TeeVee Toons was founded in 1985 by Steve Gottlieb, a graduate of Yale University and Harvard Law. Gottlieb launched the label from his New York City apartment with the release of Television's Greatest Hits, an album featuring theme songs from classic TV shows that became a respectable seller. The San Francisco Chronicle called the album "the most fun you can have with your pants on", and the New York Times highlighted it as one of 1985's most notable business ideas.
In 1986, TeeVee Toons was shortened to TVT Records, a label that would sign and/or develop musical acts over the next couple of decades such as: The Saints, Shona Laing, Nine Inch Nails, The Connells, Aphex Twin, Tackhead, Underworld, Gravity Kills, Vallejo, Jurassic Five, Sevendust, Default, XTC, Guided By Voices, Jimmy Page and The Black Crowes, Bounty Killer, KMFDM, Brian Jonestown Massacre, The Holloways, The Cinematics, Towers of London, Gil Scott-Heron, Tha Eastsidaz, Just Jack, Wayne, Pay the Girl, Buck-O-Nine, New Years Day, The Strays, Blue Epic, Lil Jon, Ying Yang Twins, Pitbull, Teedra Moses, The Unband, and Ambulance LTD.
In 1988–89, TVT signed industrial rock band Nine Inch Nails, and they released their debut studio album Pretty Hate Machine on October 20, 1989. But there was tension between Gottlieb and NIN frontman Trent Reznor throughout the promotion. According to Reznor, Gottlieb called Nine Inch Nails' record an "abortion".  He said to him: "You fucked up what could have been a good career." When Pretty Hate Machine sold 1,000,000 copies, Gottlieb reacted rudely, ordering the band to sell 4 million copies of the follow-up. While NIN was on tour, TVT released an EP for the single Head Like A Hole that was longer in length than the original album, and started underpaying Reznor, along with pressuring him to make a follow-up record that sounded identical to Pretty Hate Machine. Scared that TVT would interfere with his creative control, Reznor, in secret, started recording what would become Broken in 1992. He met Jimmy Iovine, founder of Interscope Records, and finally, in 1992, Reznor and TVT reached an agreement where NIN would leave TVT and move to Interscope, but TVT would receive some of the royalties made from future NIN releases.

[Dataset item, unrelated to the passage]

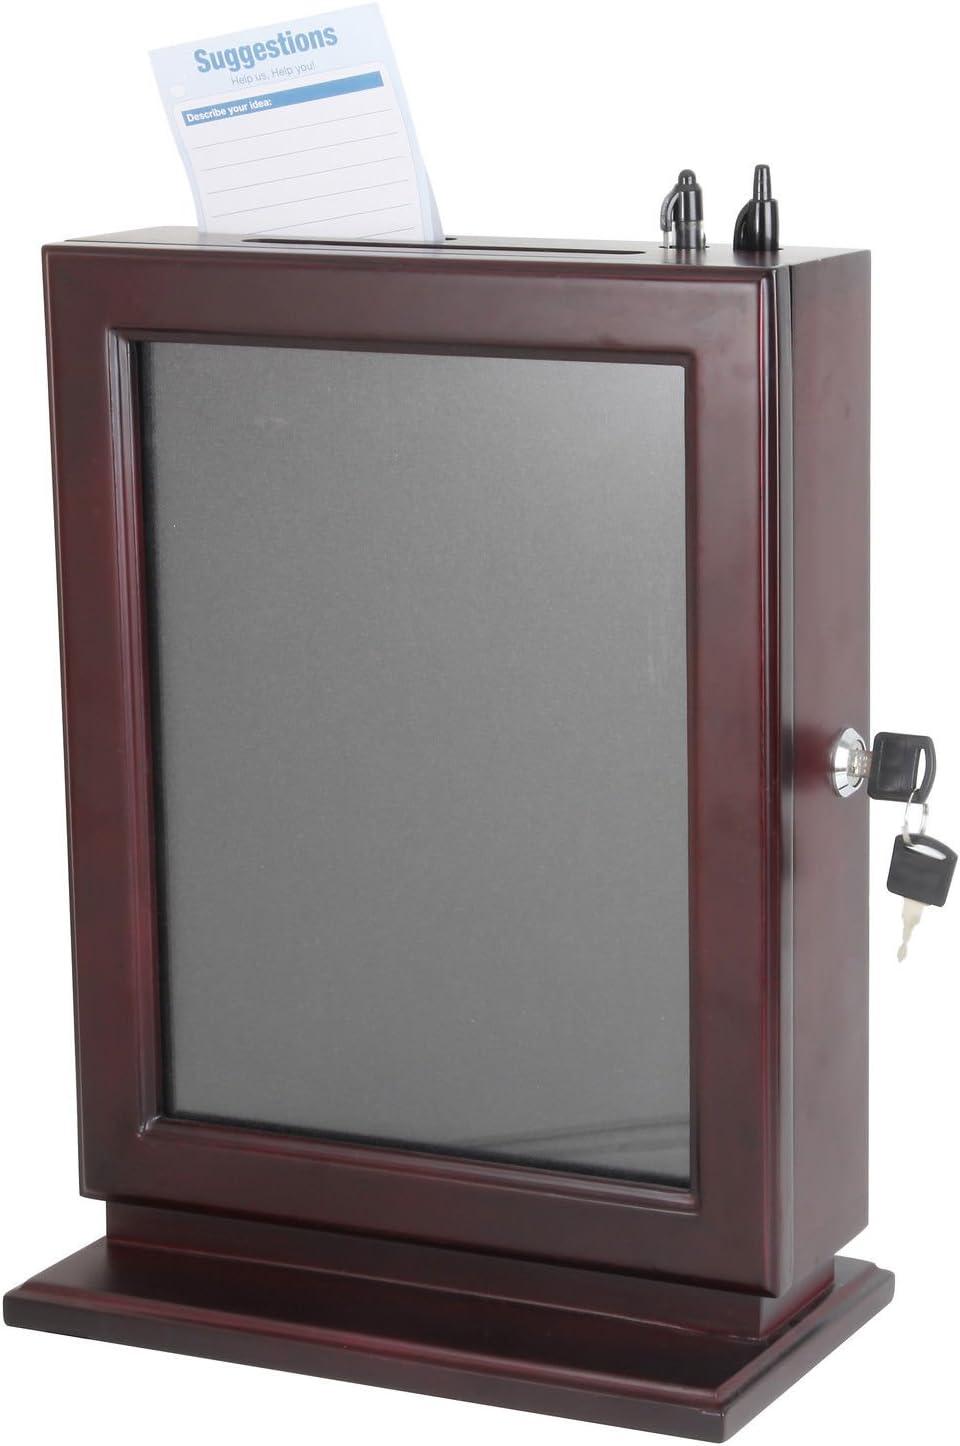 Phoenix Mall FixtureDisplays Max 43% OFF Wood Collection Box Suggestion Char Donation

In 1992, TVT purchased the Chicago-based industrial music label Wax Trax! Records. This gave TVT the artists and/or catalogue releases of such acts as Ministry, My Life with the Thrill Kill Kult, KMFDM, and others.
In 1995, TVT started their official soundtrack imprint called TVT SOUNDTRAX headed by Patricia Joseph releasing television, film, and Broadway soundtracks. It expanded "Television's Greatest Hits" to an eight-volume series and released over 70 film and TV soundtracks, including the platinum Mortal Kombat soundtrack. Its theatrical music releases included the Stephen Sondheim Follies.
In 1996 Crain's named Gottlieb one of its forty under 40 Rising Stars to Watch, citing the 50% yearly growth of TVT.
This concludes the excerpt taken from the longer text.